Kudzu is native to Japan and China and was first seen in the United States at the Philadelphia Centennial Exposition of 1876. Soon there after it was being used by some home owners as a decorative porch vine. By the turn of the century a man named C. E. Pleas of Chipley Florida was instrumental in pushing the plant as a cheap forage for livestock. In the 30's the U S government gave out 85 million kudzu seedlings to southern land owners in an attempt to stop erosion caused by poor soil conservation techniques and cotton farming. They went so far as to offer farmers $8 for every acre of kudzu they planted. In the 40's kudzu festivals were being held in many small southern towns complete with a "kudzu queen" being crowned. At this time the Kudzu Club of America had over 20,000 members. But by the 50's kudzu was being recognized as a pest. It was growing over it's boundaries, swallowing up land needed for other uses and costing farmers and towns large sums of money to control. Because each vine from a planting can grow over 60 feet in one season (a foot a day in early summer) and it's roots sometimes stretch over 12 feet into the ground, it proved to be a formidable enemy to pesticide. By the 70s the vine was listed by the USDA as a common weed.

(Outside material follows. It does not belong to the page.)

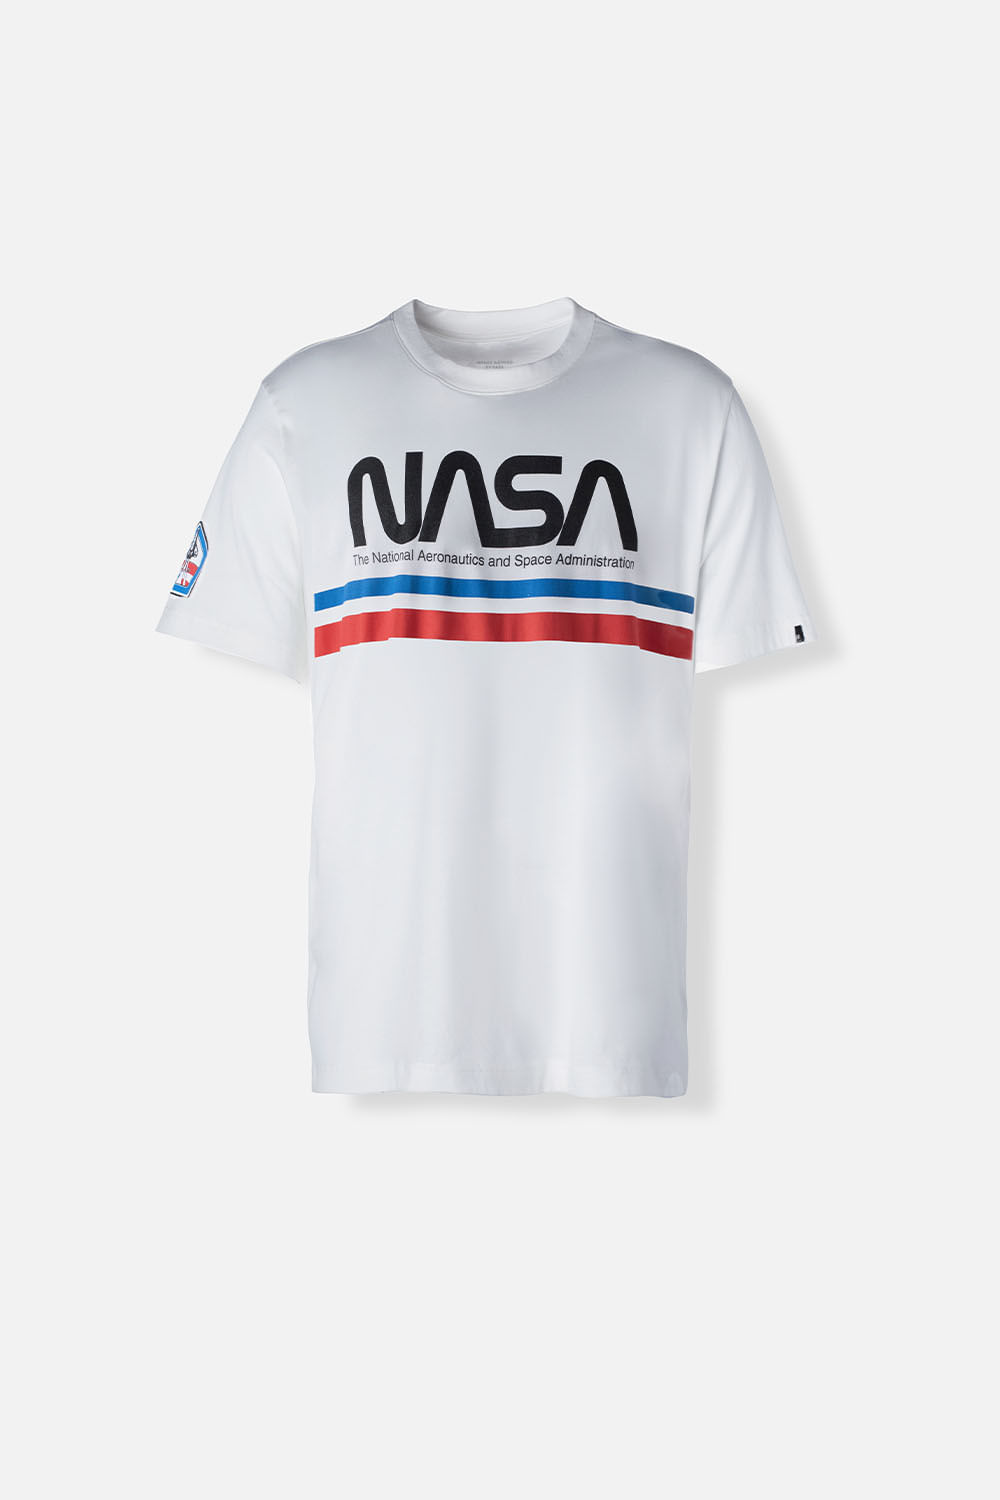 Camiseta de la Nasa blanca manga corta para hombre S-0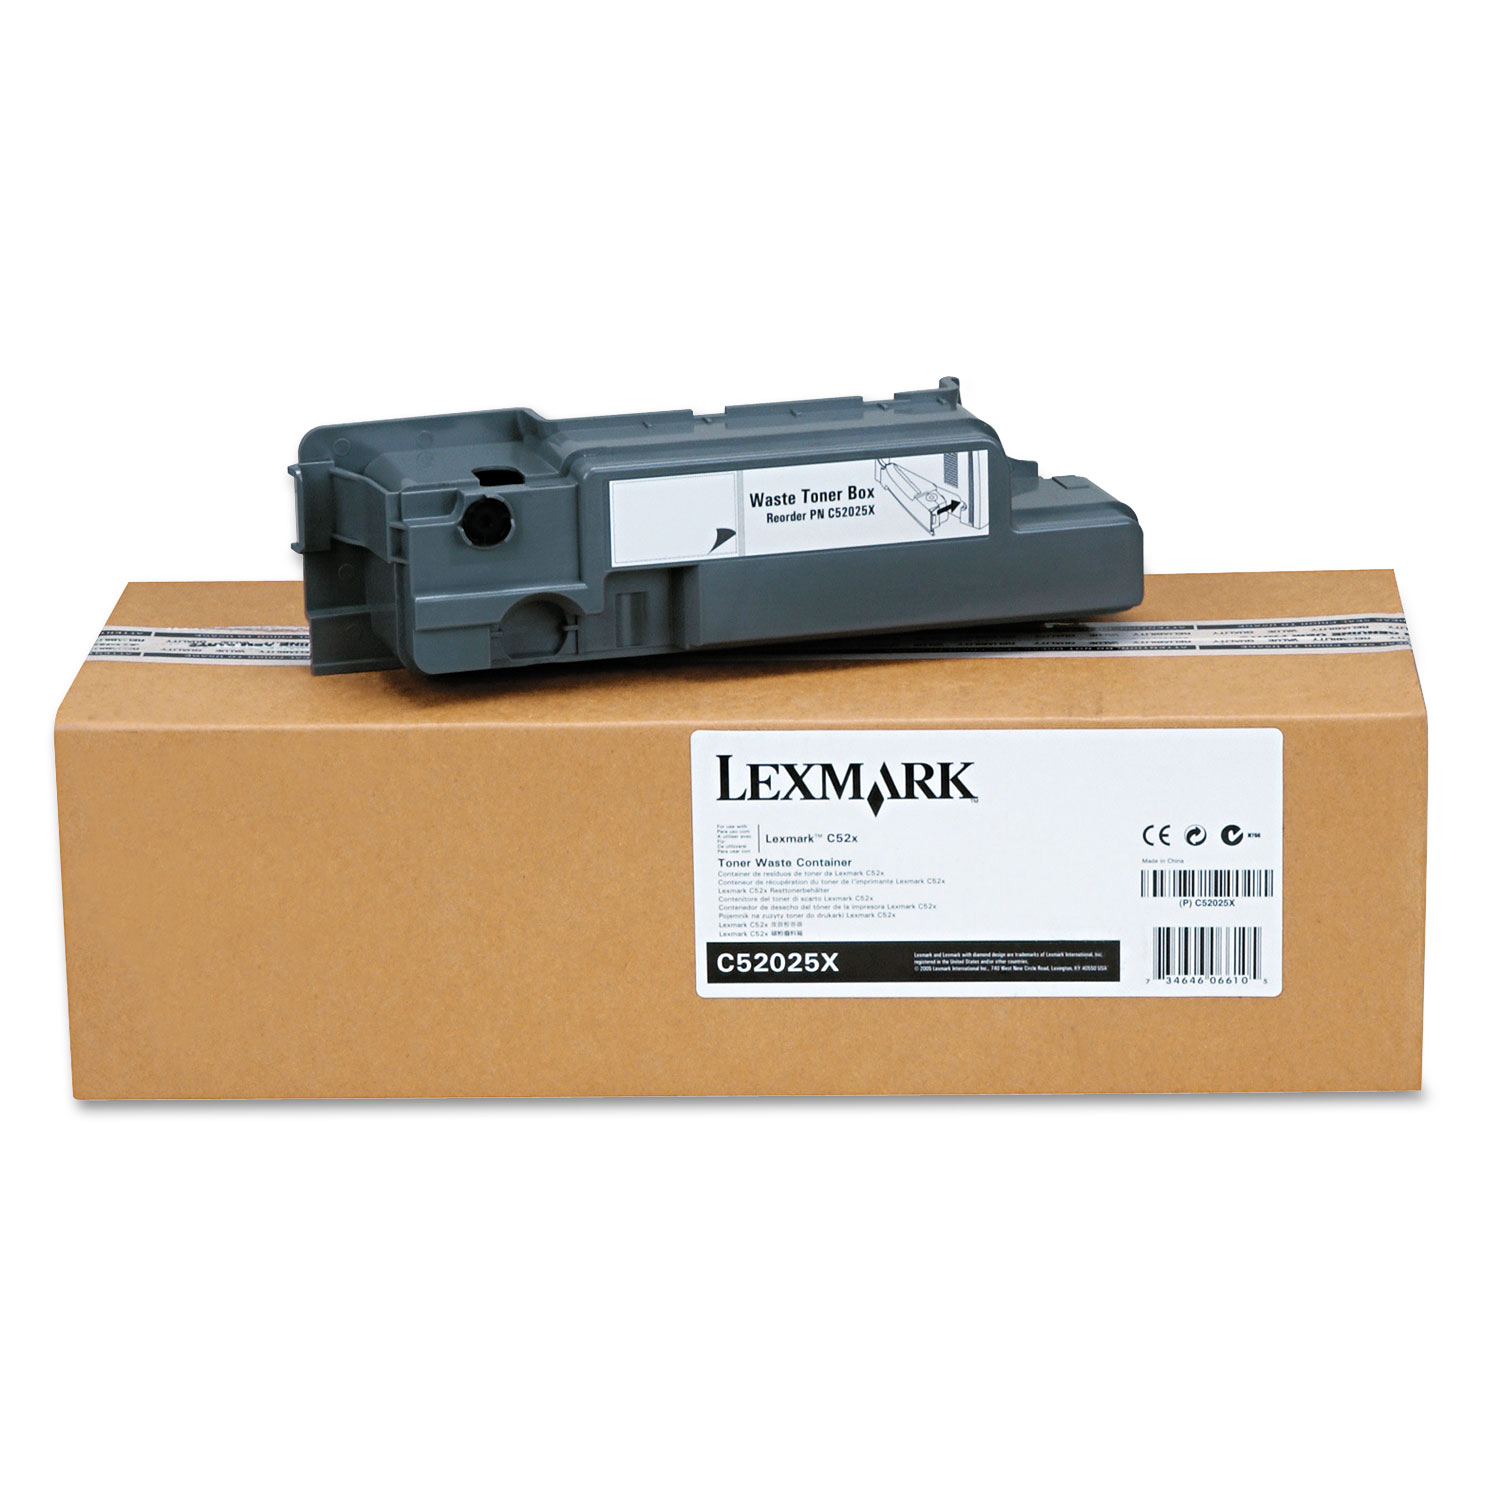  Lexmark C52025X C52025X Waste Toner Box, 30000 Page-Yield (LEXC52025X)

But some southerners say that the vine itself isn't the worst part of kudzu. The worst part is what lives in the vines.

When Kudzu Monkeys Go Bad

"We called them kudzu monkey's when we were growing up," Robin Deere told me. "If me and my brother got into trouble my mom would always say she was going to throw us into the kudzu patch and let the kudzu monkeys get us. I never saw one but my brother said he did. He was out on our porch one day when he was 12 or 13 and said he saw this brown animal come out from the patch across the road from our house. It looked just like a monkey you would see on TV except it had real sharp teeth. Joe (his brother) watched it and swore that it dug little holes in the ground, put something inside them and covered them up. Then it climbed back into the vines and disappeared. After my brother told me about it I went across the road with him and he showed me the little covered up holes. I dug one up and found 2 or 3 little seeds in there. I think that's how the stuff grows so fast, the kudzu monkeys plant it when no one is looking."

I interviewed Robin in a restaurant and as he finished his story another man who had overheard us, interrupted.

"Oh yeah, kudzu monkeys are real," said David Rogers of Graceville, Florida. "When I was a kid my Dad worked for the Florida Department of Transportation. He came home one day with a cut on his leg. When Mom asked him what it was he said that he had been cutting back kudzu on the side of the highway and a kudzu monkey had attacked him. Bit clean through his dungarees and straight into the skin. I won't go near the stuff"

sources

interview with Robin Deere, June 7th, 1998

interview with David Rogers, June 7th, 1998

"A History of Alabama" editor Robert Fargen, Sawyer Press, 1989

"The Kudzu Vine" article in the Dothan Alabama Public Library bulletin board, no author given.